SUPPLIED INFORMATION -
++++++

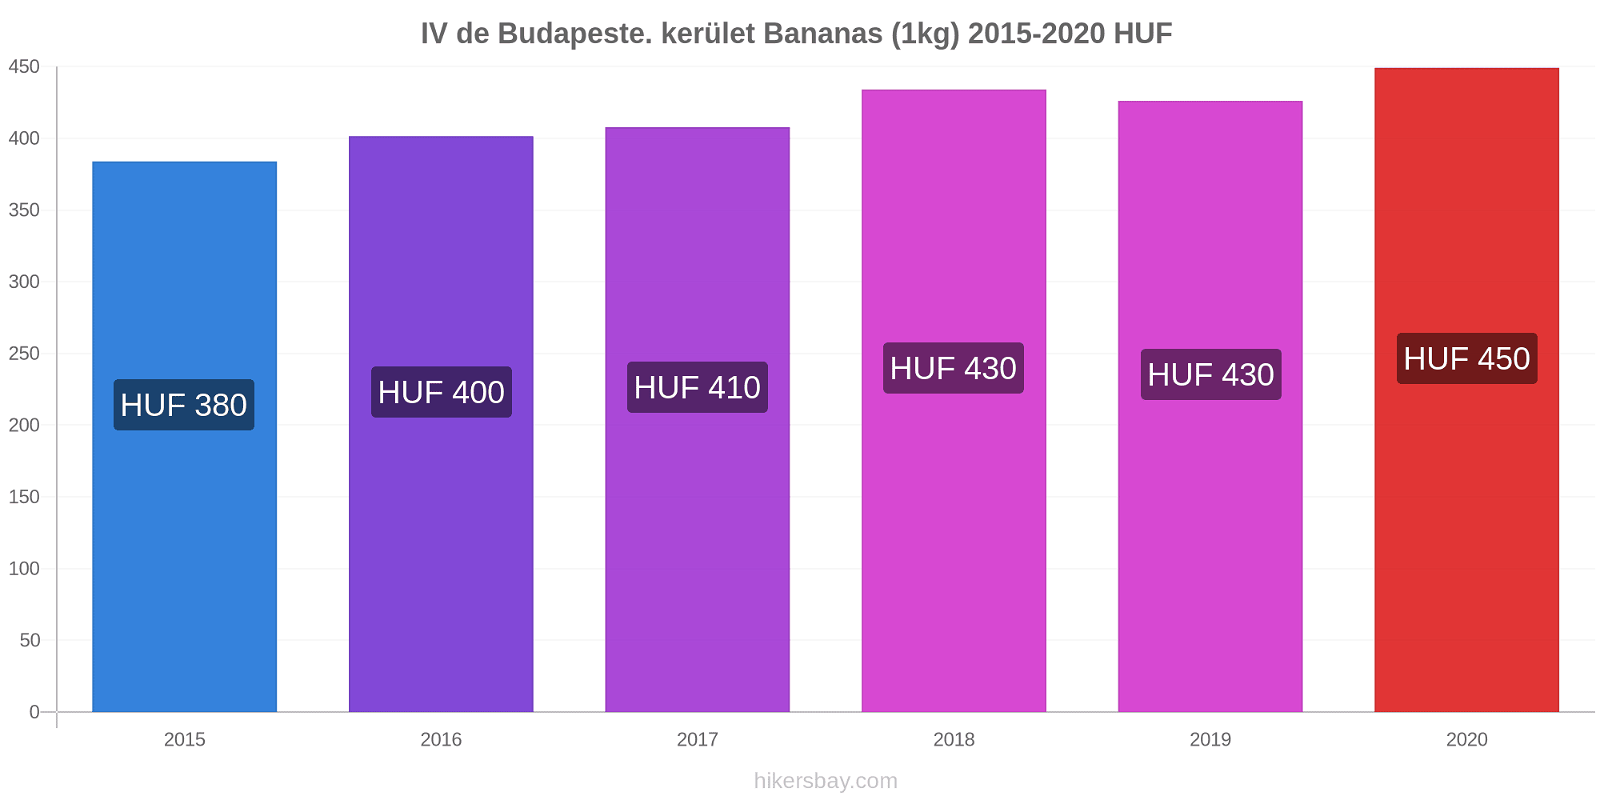 IV de Budapeste. kerület variação de preço Banana (1kg) hikersbay.com
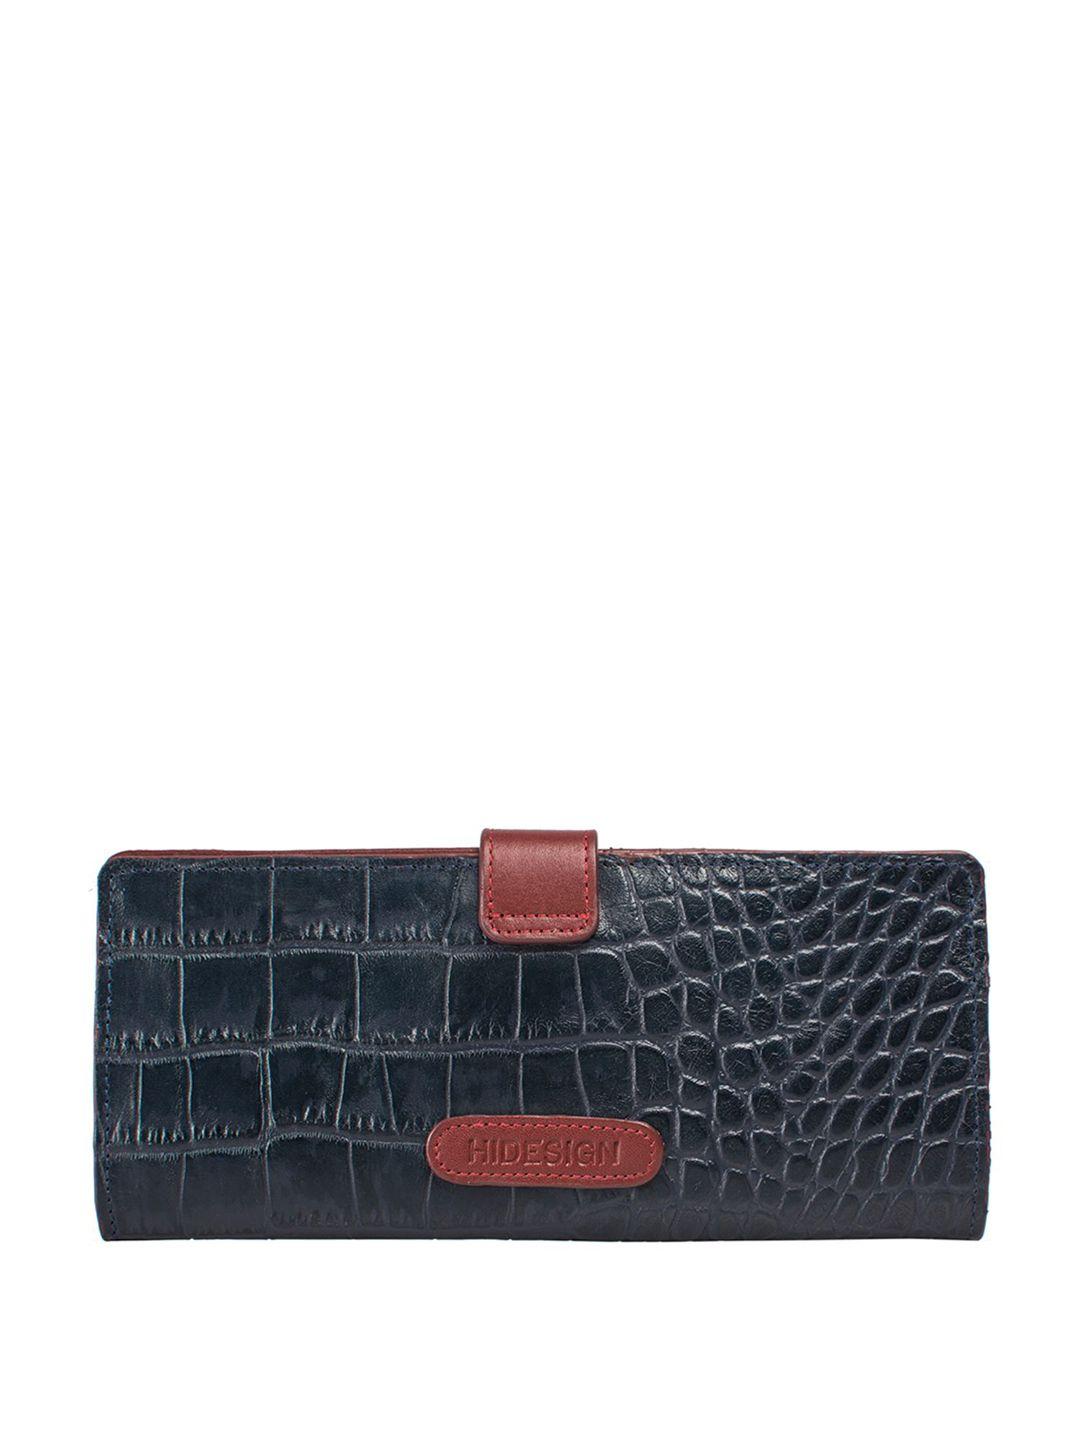 hidesign-animal-textured-purse-clutch
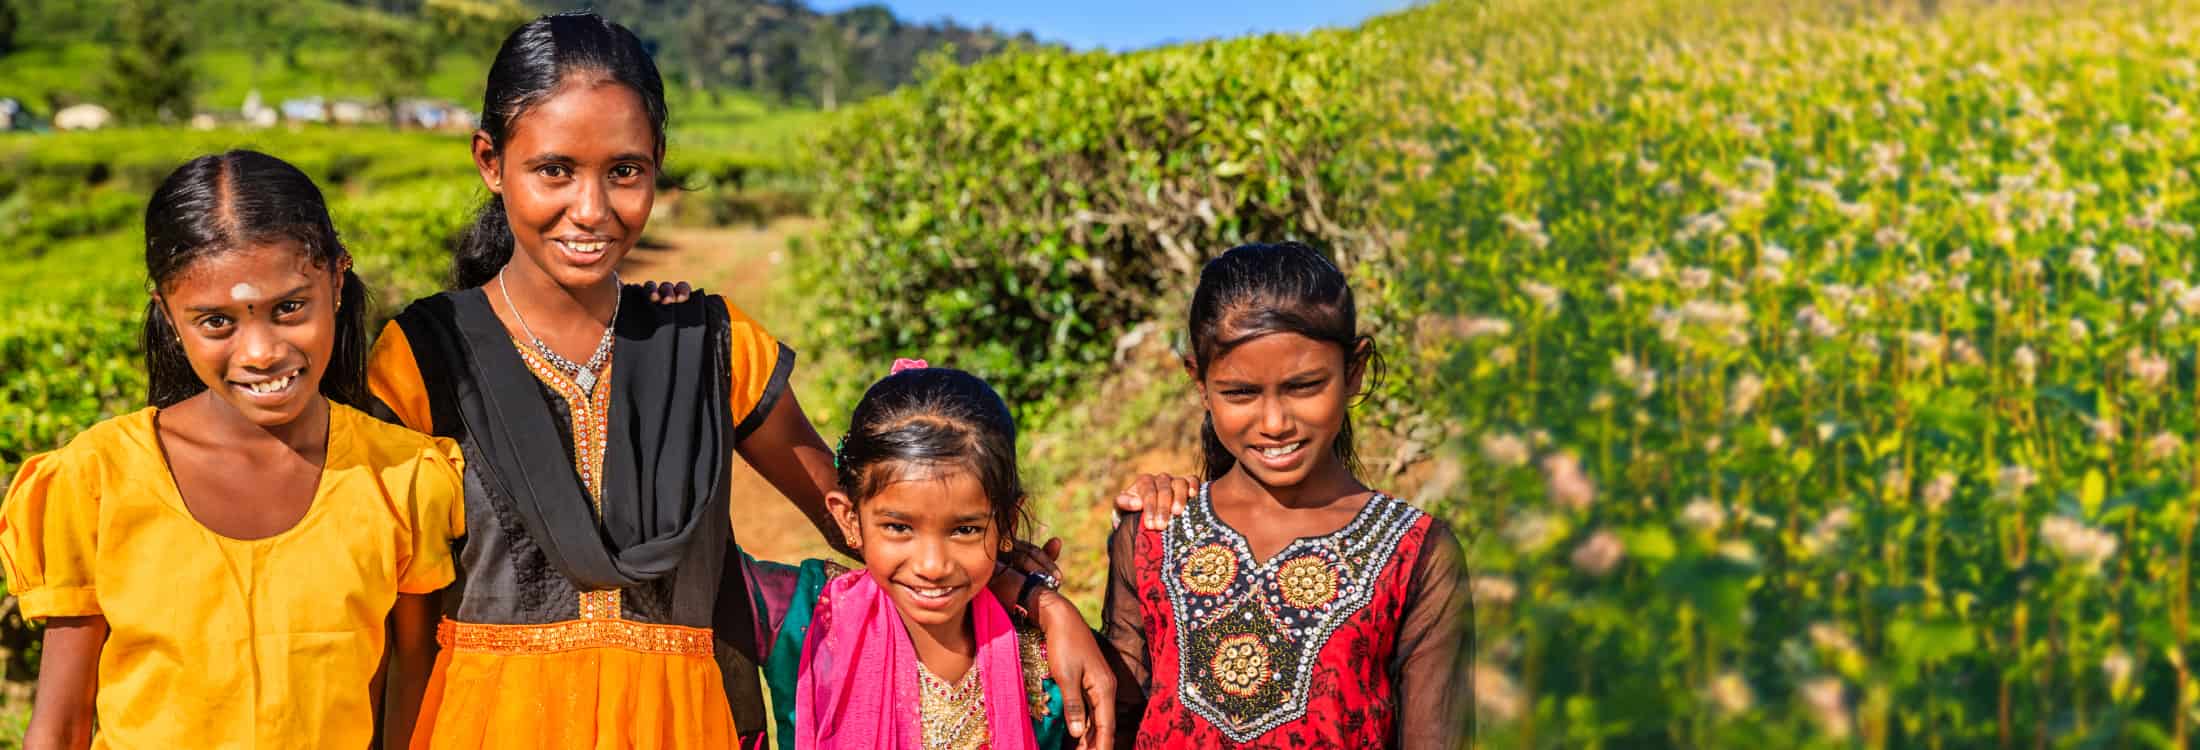 Envie dinheiro aos seus entes queridos no Sri Lanka - rápido e seguro com sendvalu

++++++

TASK REQUIREMENTS -
Return all of the material above unchanged, minus its pictures.

TASK RESULT -
 IV de Budapeste. kerület variação de preço Banana (1kg) hikersbay.com
 hidesign-animal-textured-purse-clutch
 Envie dinheiro aos seus entes queridos no Sri Lanka - rápido e seguro com sendvalu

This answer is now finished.